New Work
by ANDEE SUN SCOTT
I’m going to Austin in January to make a new piece on dancers at the University of Texas. I’ve been commissioned to make a new work that will be part of a performance celebrating the career of my first modern dance teacher and mentor, Yacov Sharir. I’ll only have 8 days with the dancers, so I’m working on material now. I think there will also be a visual element with video projection, so I am starting to map out what that will look like too.
Yacov is the reason that I became interested in technology. When I was an undergrad in the 90s, Yacov was working with Life Forms and Isadora, and when I was dancing in the Sharir+Bustamante Danceworks company, Yacov and José Bustamante were both exploring the possibilities of dance and technology through video, projection, and interactivity. Because of this, I want to include projection in this piece, particularly an idea I have been thinking about for a long time.
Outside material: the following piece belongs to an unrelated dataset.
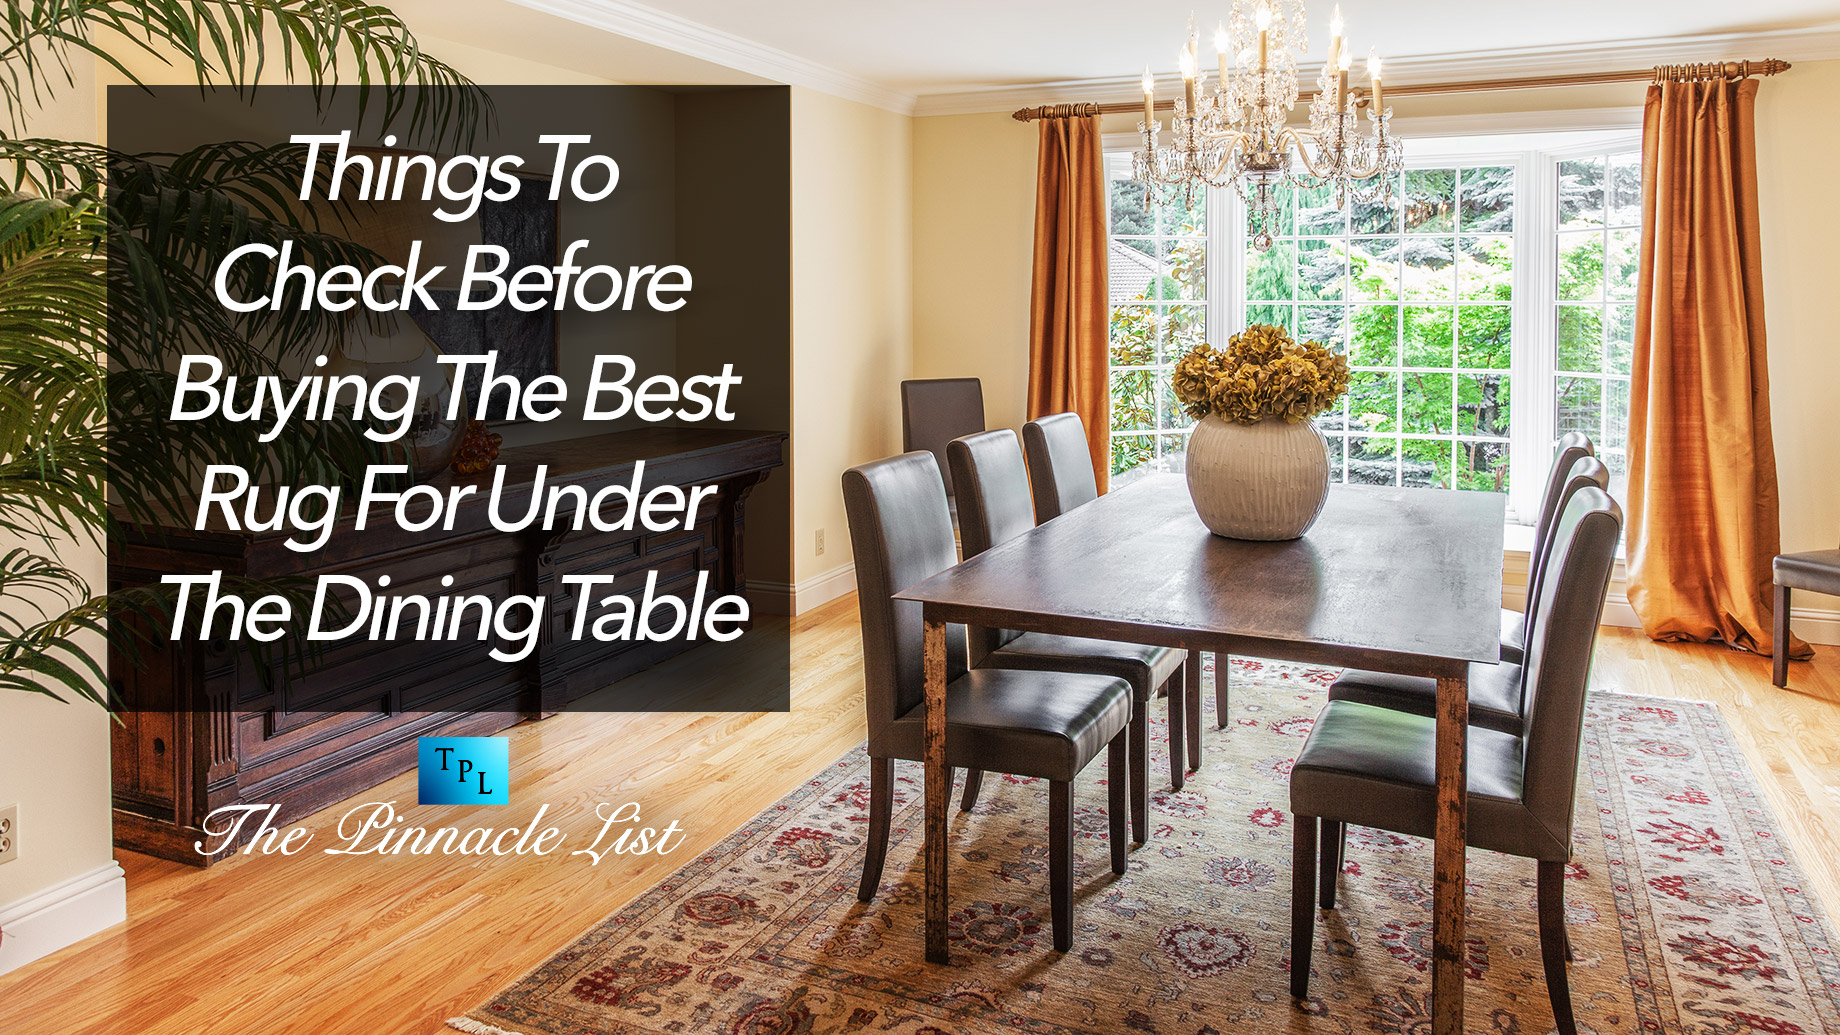 Things To Check Before Buying The Best Rug For Under The Dining Table

I have been moving away from abstract animations of lines and working with footage of birds. The last solo I made for myself used a rough edit of bird footage I recorded – I am really interested in the line of energy the birds create through space, especially when there is a change in direction. What I am going to do is use three small hand-held projectors to track the birds in space, but intermittently. Imagine there is an image of birds flying in the upper left corner of the upstage cyclorama, the birds change direction and veer downward out of the viewing field. That image winks out, then a new image appears bottom center of the birds, picking up the birds in their trajectory. Whenever the birds change direction, the image will disappear, then reappear, catching and showing the birds at a new point in their path. I am really interested in physicalizing lines of energy through space, and the birds in flight are a way of highlighting that.
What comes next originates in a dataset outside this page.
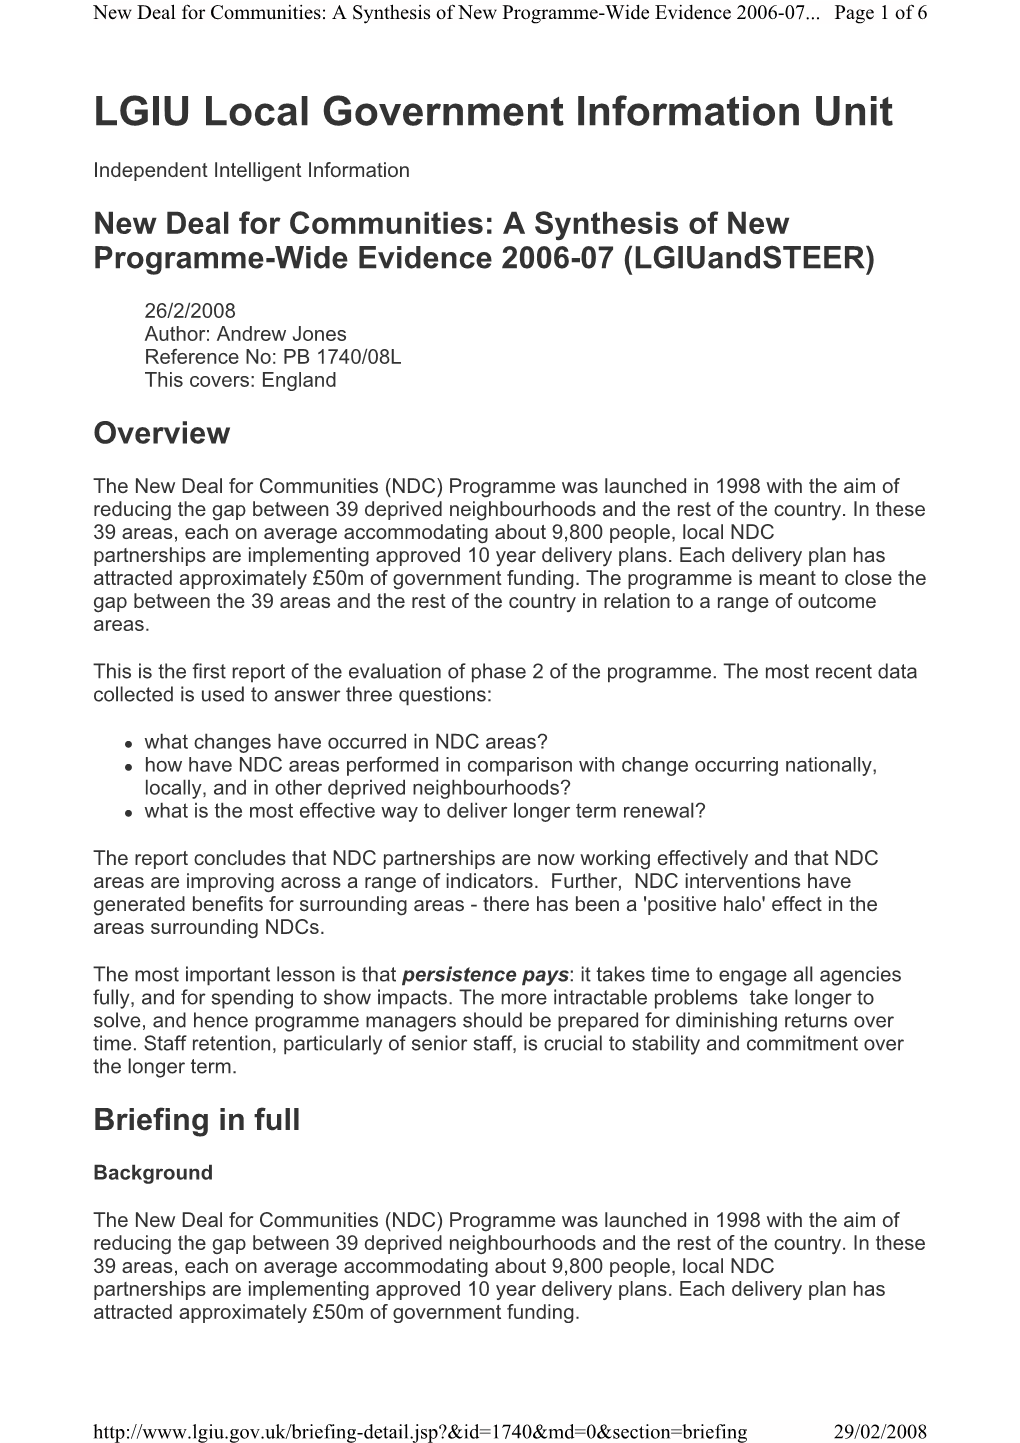 New Deal for Communities: a Synthesis of New Programme-Wide Evidence 2006-07

Another big part of this piece is my fascination with the Cassini satellite that crashed itself on Saturn. The images that Cassini took are incredible, and I love this video that was in the NYTimes:
https://www.nytimes.com/video/science/100000005343498/cassini-burns-into-saturn.html
I find it incredibly moving, the grand finale of Cassini. The satellite slingshotted off of the moon Titan and used its gravity to make 22 dives through the rings before it entered Saturn’s atmosphere, disintegrating into the sky after 20 years in space. So 22 feels like a magic number, and I want to incorporate 22 in an many ways as possible. First of all, I’m making 22 movement phrases of varying lengths (I have 4 so far), and I want to work 22 into the structure too – maybe 22 passes, or 22 beginnings, or 22 circles, or 22 gestures, or 22 duets, or 22 falls, or I don’t know what yet. Maybe 22 bird image locations. We’ll see.
Movement-wise, I’m also working with trajectories and physicalizing lines of energy, which tends to have a feeling of carving. Also working with the idea of slingshotting, both of my body through space which feels like an anchor followed by a toss, as well as within my body, slingshotting from one body part and resolving the impulse through another. I imagine I can feel one of the moons traveling along the inside surface of my skin. I am excited about this. (Also too, because when I go to Austin, I will also have my first studio session with my friend Kimberly the poet for our new project I talked about last month.)